__TASK DIRECTIONS__.
The entire listing below is to be written out exactly, minus the pictures.

__SOURCE DATA__.
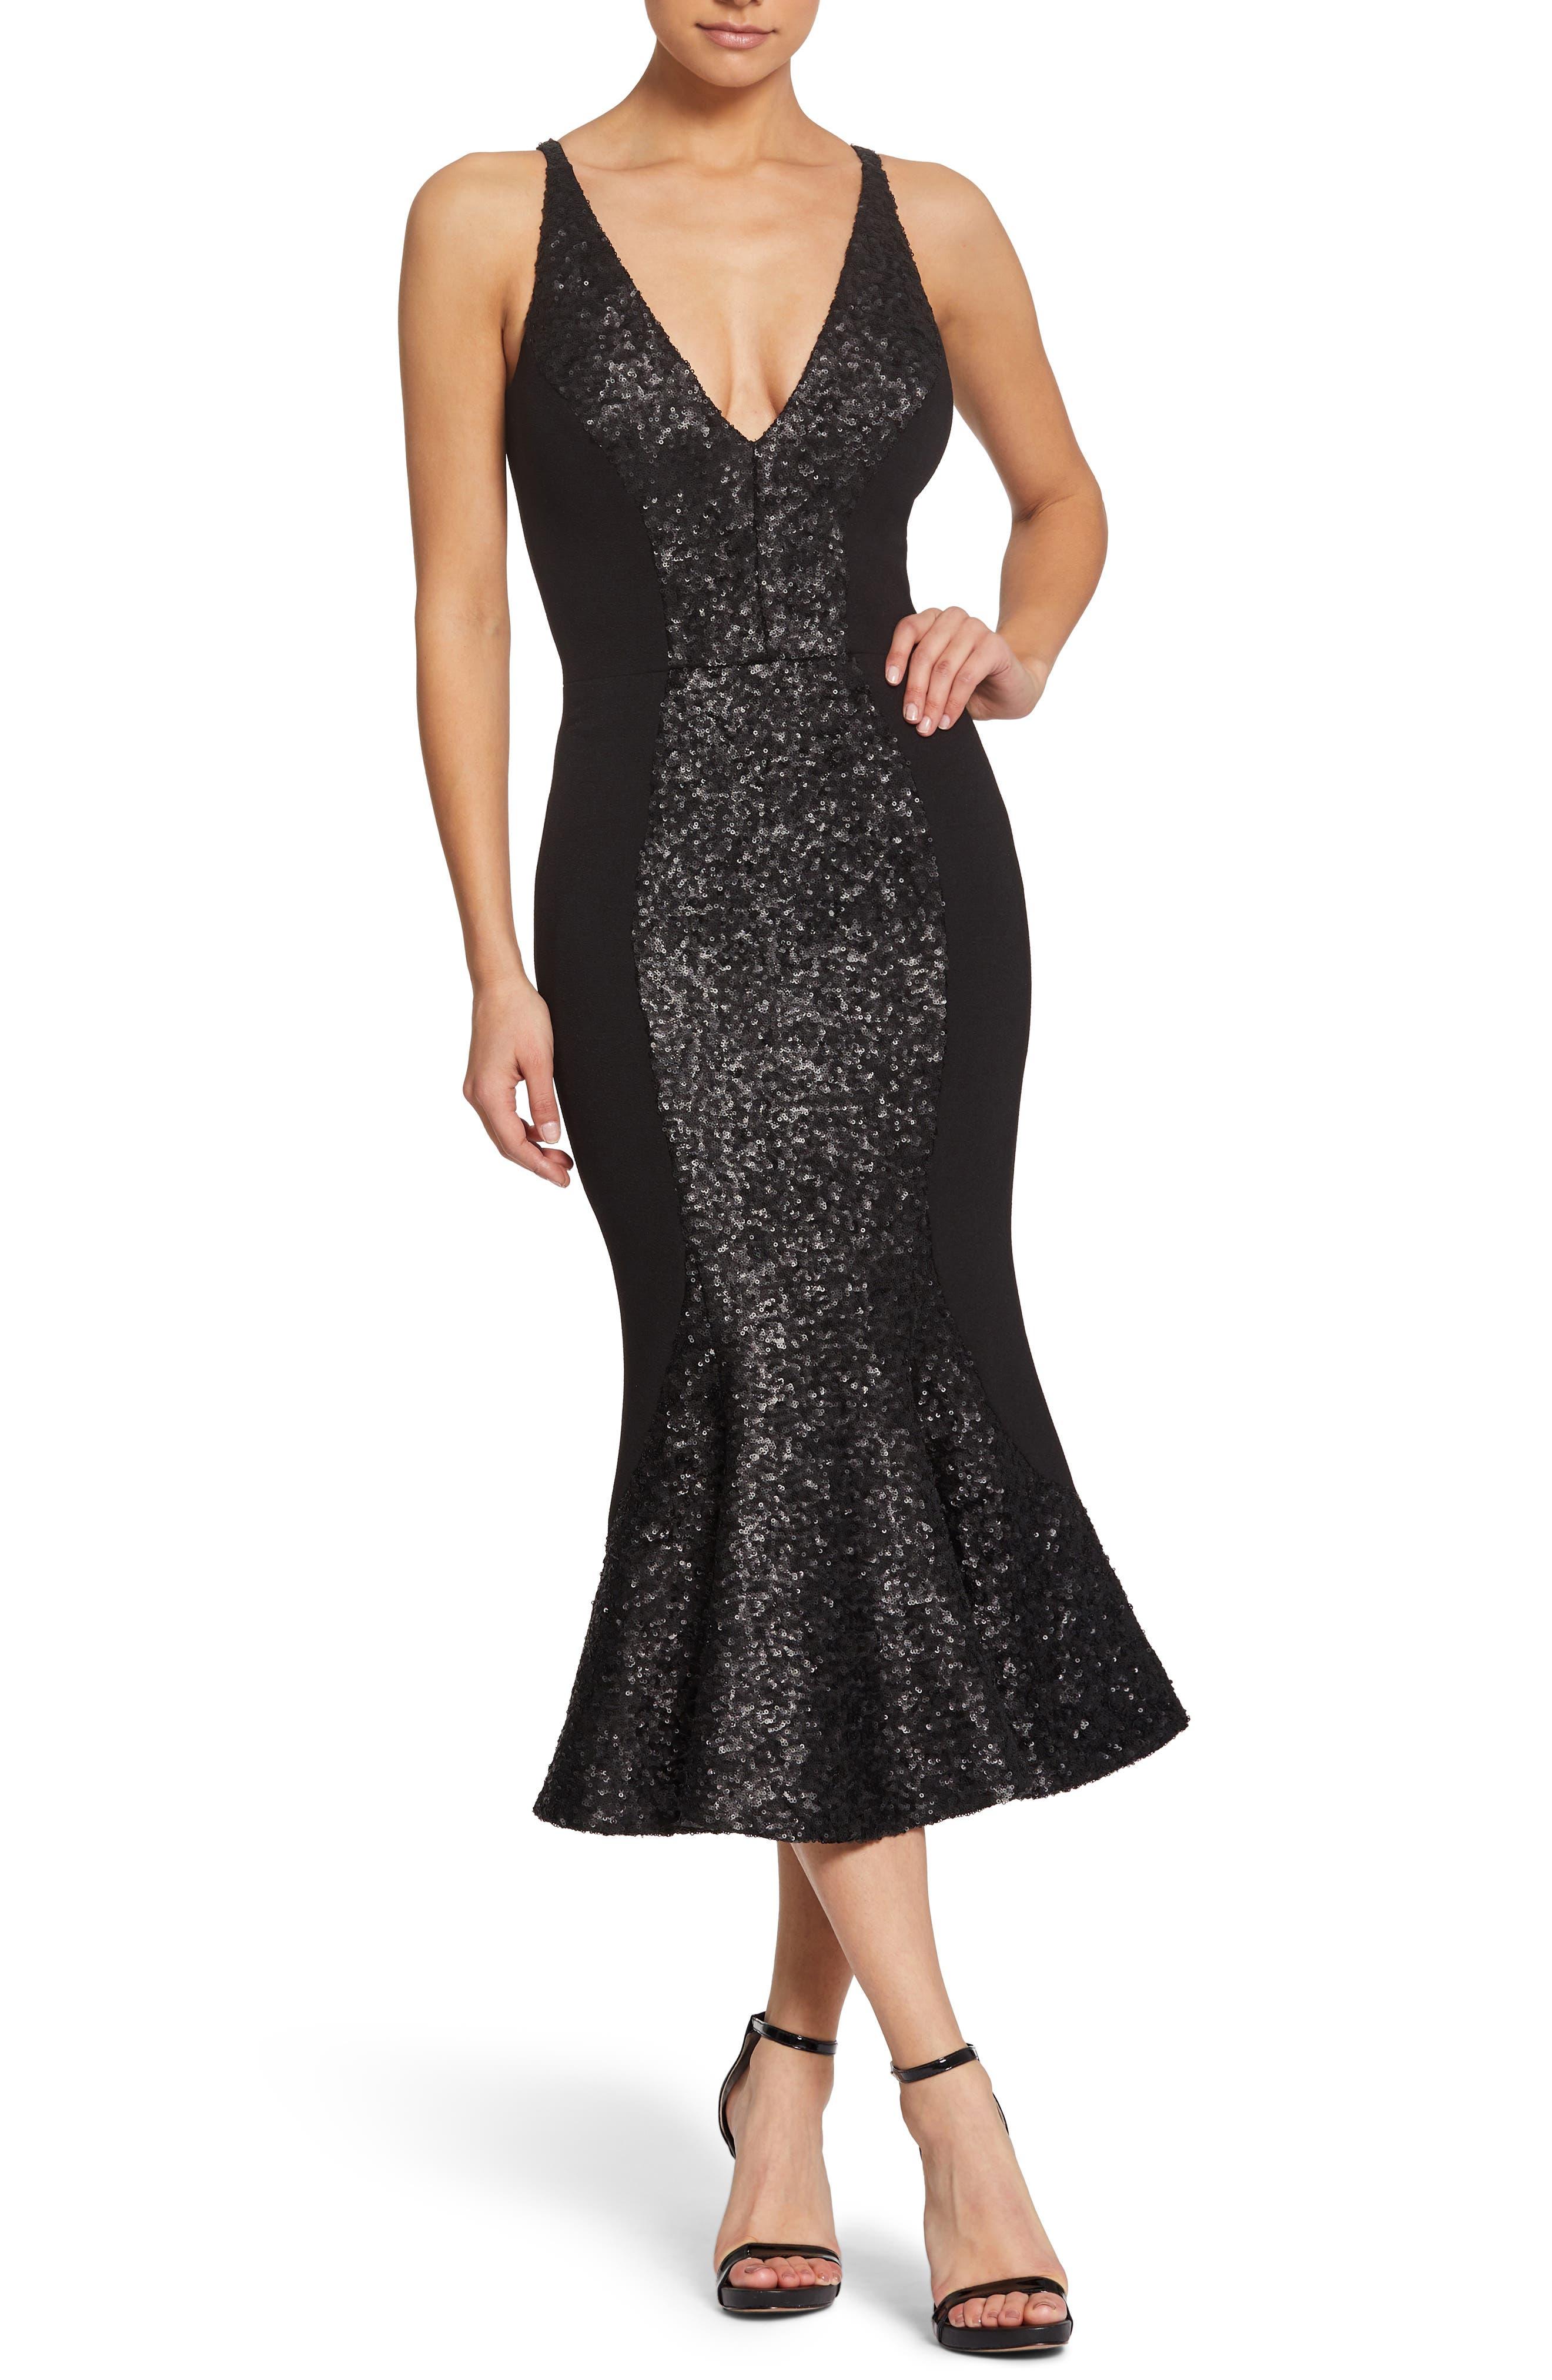 Kyle Embellished Midi Dress,                         Main,                         color, BLACK/ BLACK
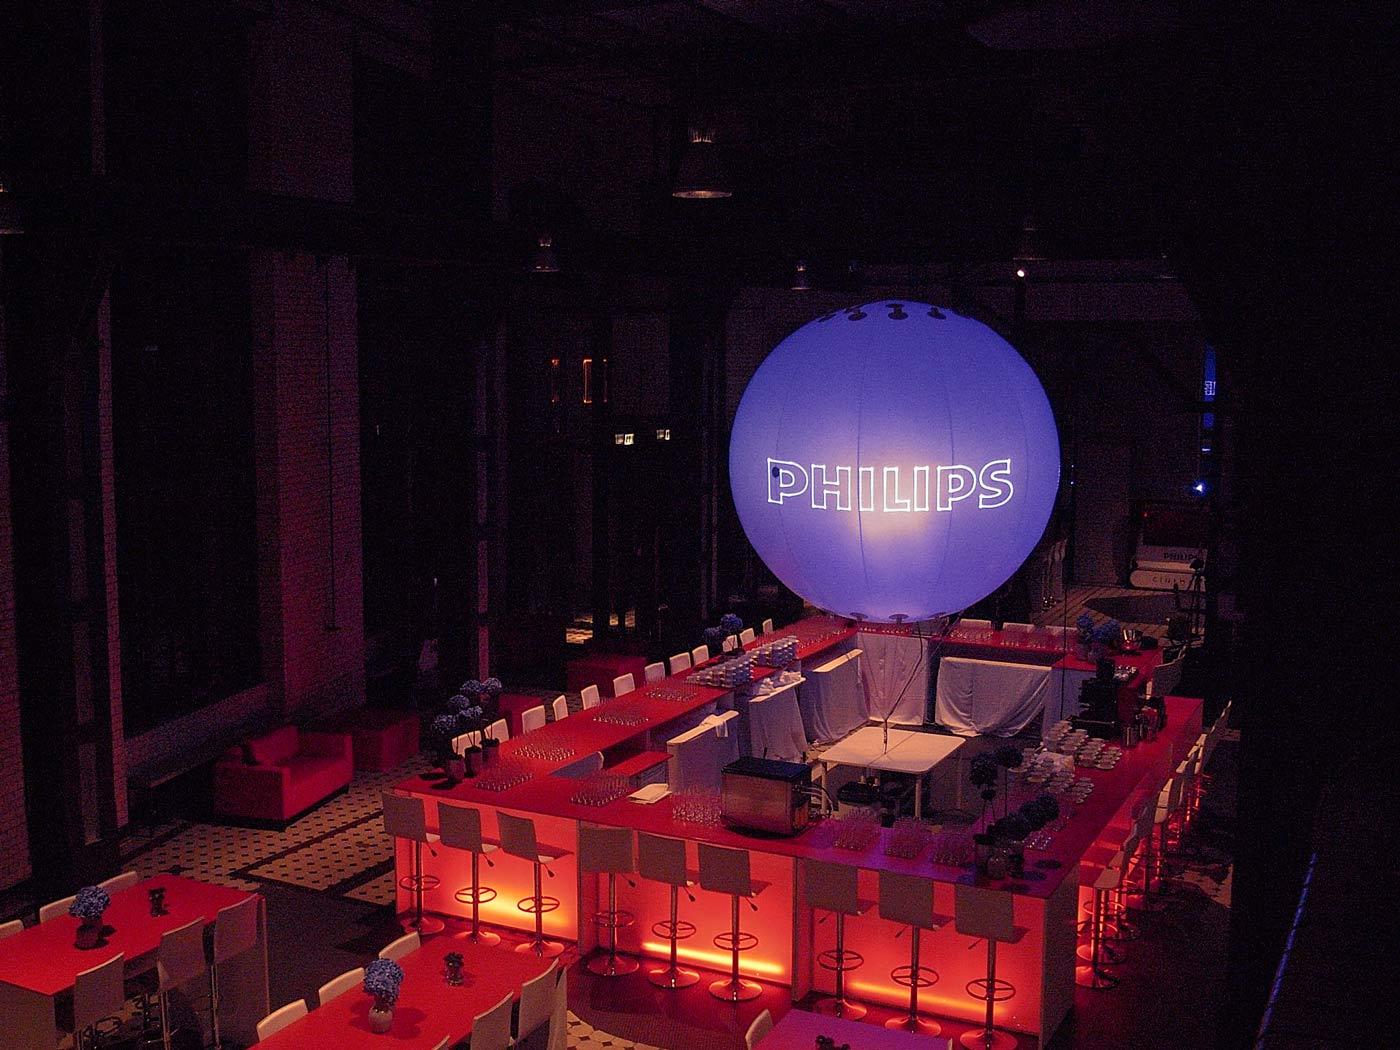 Werbeballon mit Philips Logo über einer Bar
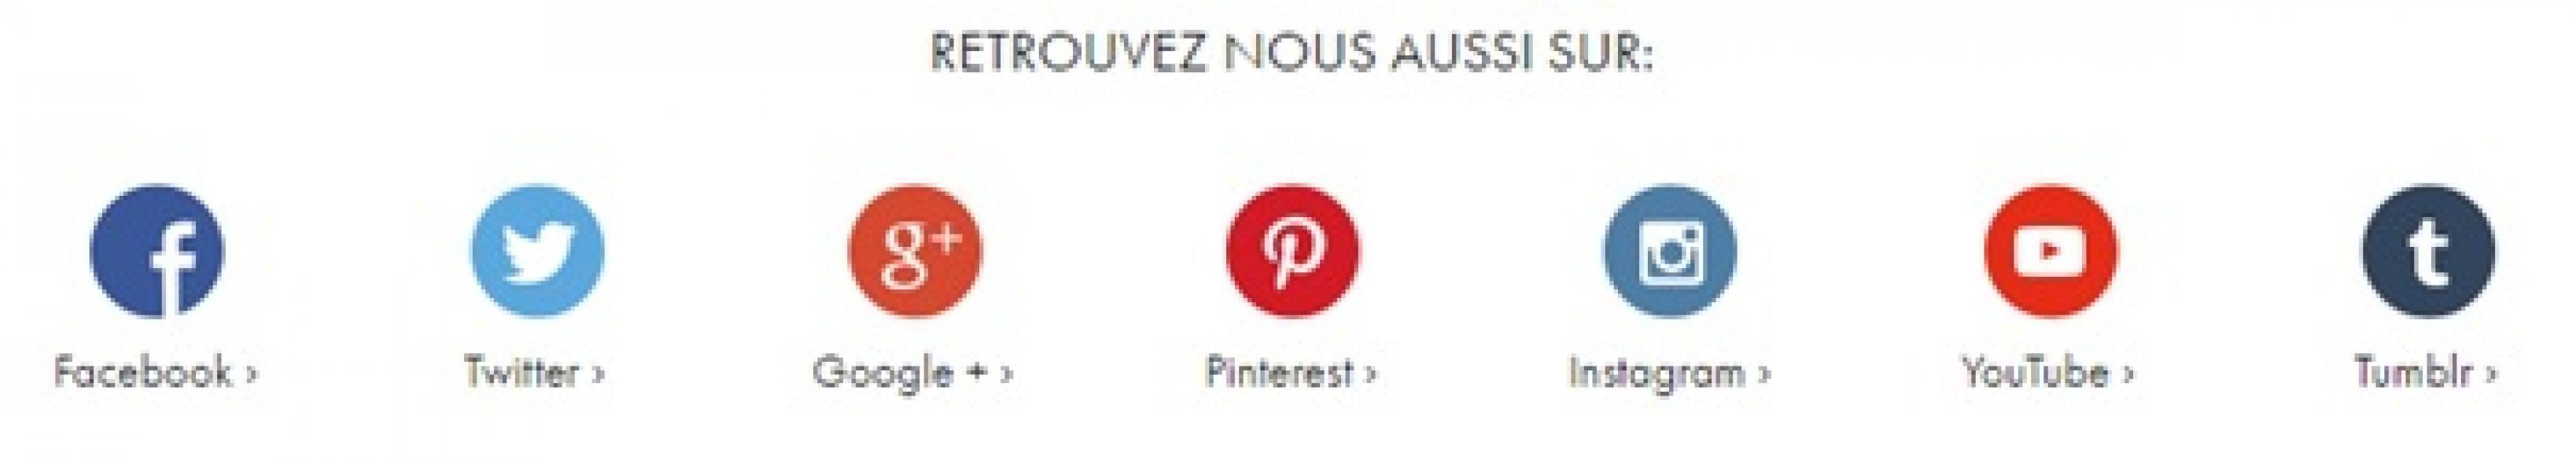 logo instagram pour cv
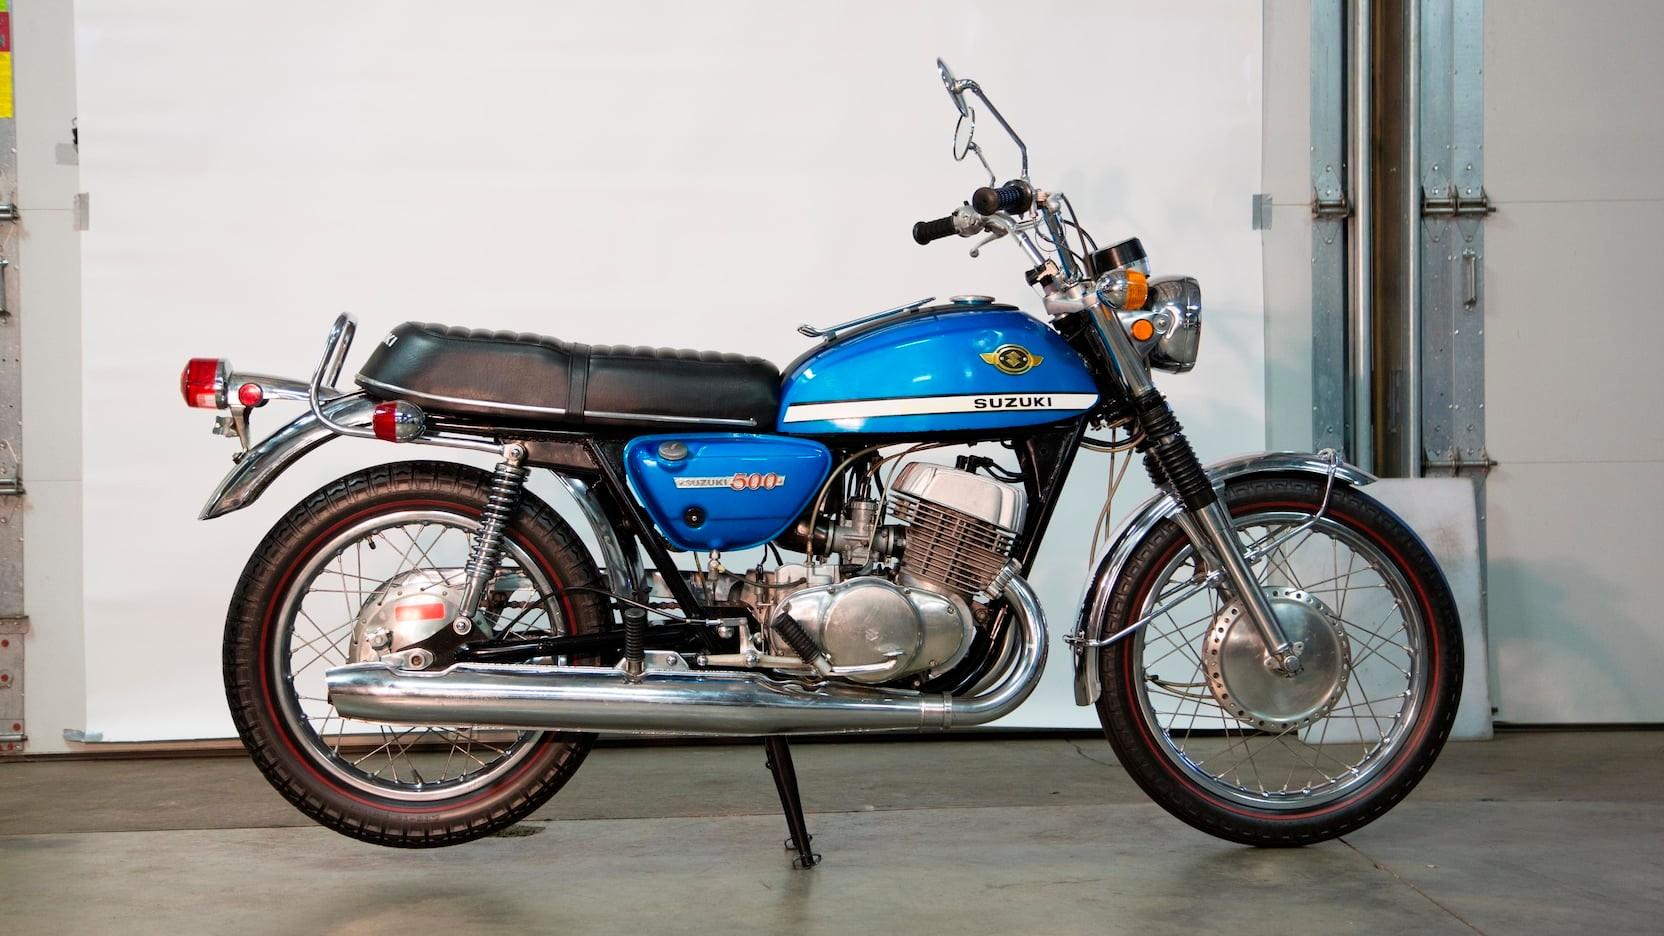 1970 Suzuki T500 R

__SOLUTION FOR THIS PROBLEM__.
 Kyle Embellished Midi Dress,                         Main,                         color, BLACK/ BLACK
 Werbeballon mit Philips Logo über einer Bar
 logo instagram pour cv
 1970 Suzuki T500 R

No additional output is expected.